Nothing but an opportunity.
With a grin, she reached for her pad. Her duty as editor
of the Burr Chronicle lay in reporting anything that
might interest the town. And the town was very interested in
Jack Donovan.
He had arrived in Burr almost a year ago and deposited a
scandalous amount of money into the bank. Then he bought
some fine grazing land and built up a ranch, filling his
beautiful house with wonderful furnishings from back east.
Rumors abounded about the source of his wealth. Some said he
had discovered gold. Others said he was a notorious outlaw
who had retired to enjoy his ill-gotten gains. But since he
came to church every Sunday and never had more than one
drink at the saloon, the matrons of Burr chose to overlook
his mysterious origins. In fact, many a young lady had set
her cap for Jack Donovan.
But not Sarah.
She stepped outside the newspaper office, resolved to put
an end to the speculation once and for all. Jack Donovan and
his mysterious past would evade her no longer. There was
something about him, a dangerous edge, that told her that he
wasn't exactly the law-abiding citizen he appeared to be.
Once she discovered his secrets, she would finally make her
father's dream come true: the Burr Chronicle would
become one of the biggest newspapers in Wyoming Territory.
And her own demons would be silenced forever.
She watched Amos and his wagon disappear over the rise.
Around her, the town began to bustle once more.
Conversations picked up where they'd left off. Horses
whinnied, leather creaked, and wheels rumbled over
hardpacked dirt. Down at the church, a group of men resumed
hammering the dance floor they were building for the spring
social on Saturday night.
Sarah's shoes beat purposefully down the wooden boards as
she went to fetch her horse. The time had come for Mr.
Donovan's reckoning. She would have the answers to her
questions this time, and she would use that bed to get them.
"There she goes," Johnny said, lifting his gaze from the
checkerboard as Sarah strode past them toward the livery
stable.
"Goin' after Donovan again." Gabriel spat into the
spittoon beside his chair, then leisurely jumped one of
Johnny's checkers and scooped it from the board.
"I never saw a woman more determined to run a man to
ground," Mort commented.
"You remember the time she followed him down to the
creek, and there he was, as nekkid as the day he was born?"
Johnny hooted. "I never saw a woman so churned up."
"And her stormin' through town afterwards, soakin' wet
from head to toe. Tongues were flappin' that day for sure,"
Gabriel said with a grin. Johnny's double jump made the grin
fade and he scowled at the checkerboard. "Makes a body
wonder how she got herself so wet," he said absently.

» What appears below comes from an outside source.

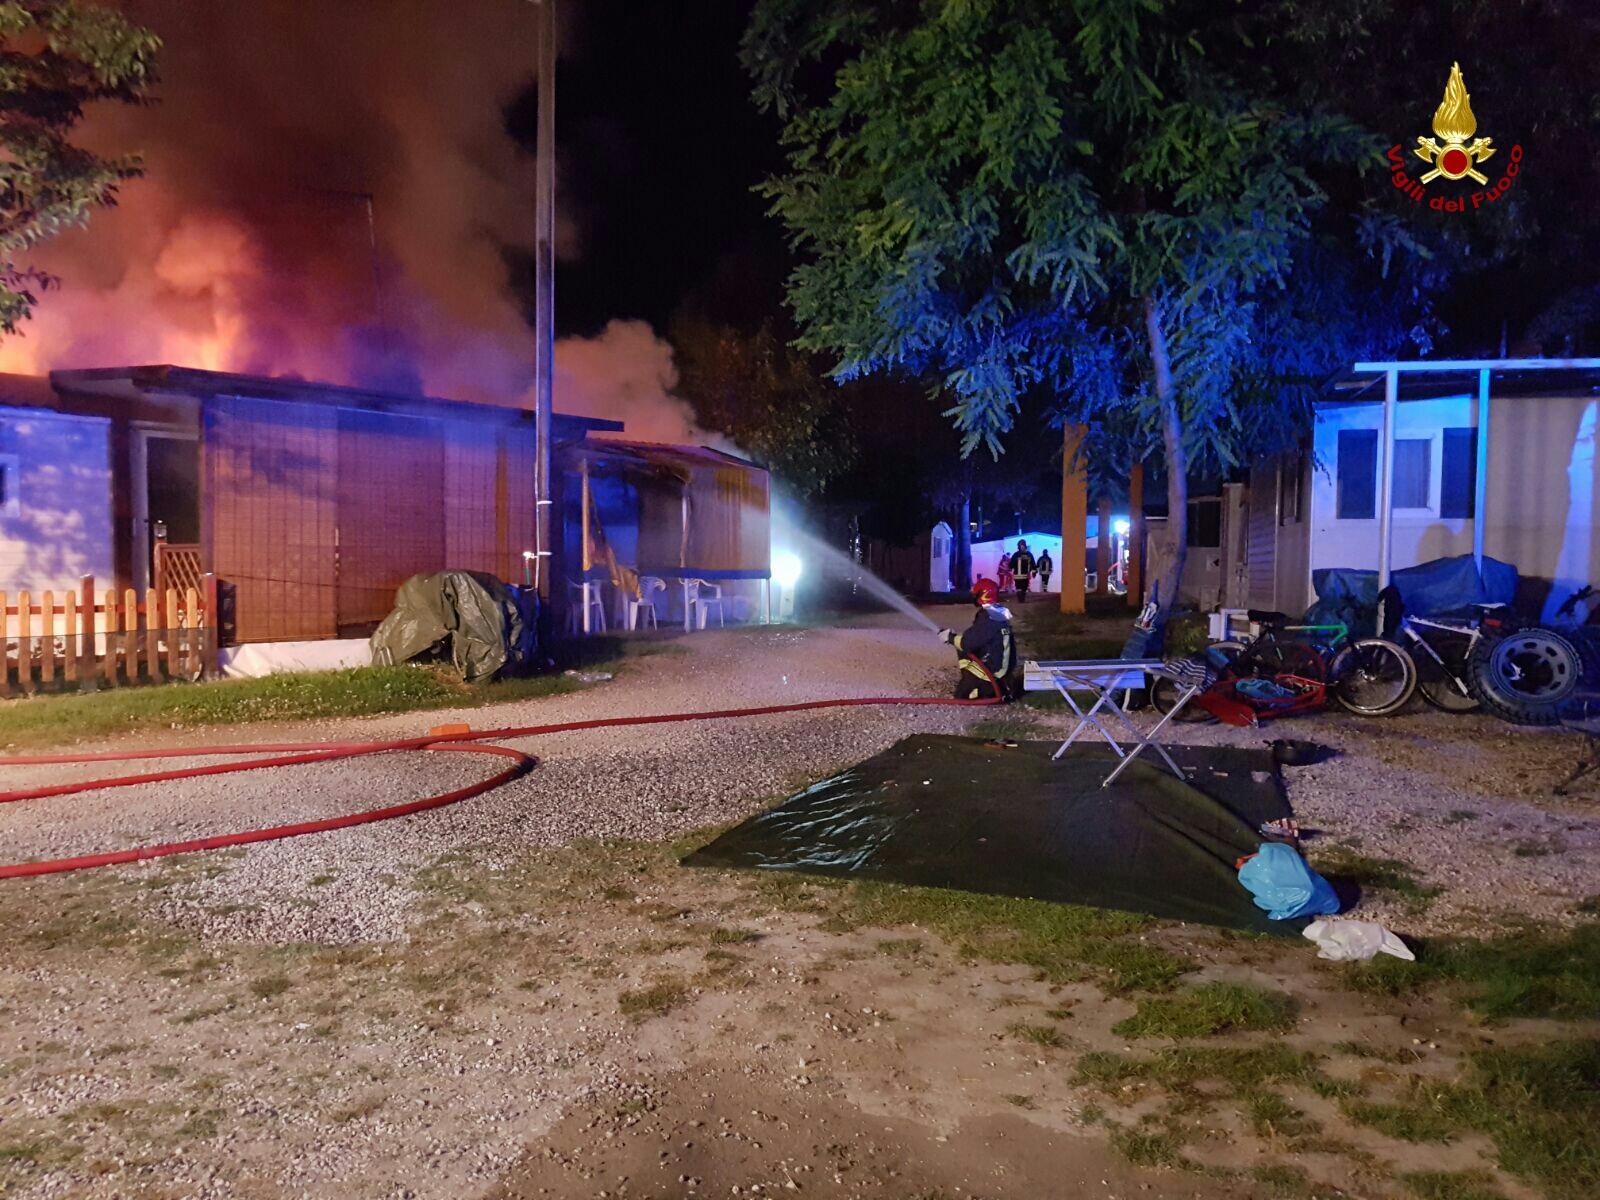 Incendio in un camping a Jesolo, evacuati turisti

"What about the time he was working in his barn and she
cornered him in the hayloft?" Mort leaned back in his chair
in preparation for a nap. "The boys who work for Donovan
said she come runnin' out of that barn like a cat with its
tail on fire. And with straw in her hair, too. Musta looked
awful funny, 'specially with it bein' the middle of winter
and all."
"What about the time she found him in the barbershop?"
Johnny asked. "How do you figure she got shaving cream all
over her like that, anyway?"
"Heaven only knows," Gabriel answered, snaring another of
Johnny's pieces.
They settled into silence, the occasional clack of
captured checkers blending with the rowdy music and whooping
laughter coming from the saloon behind them.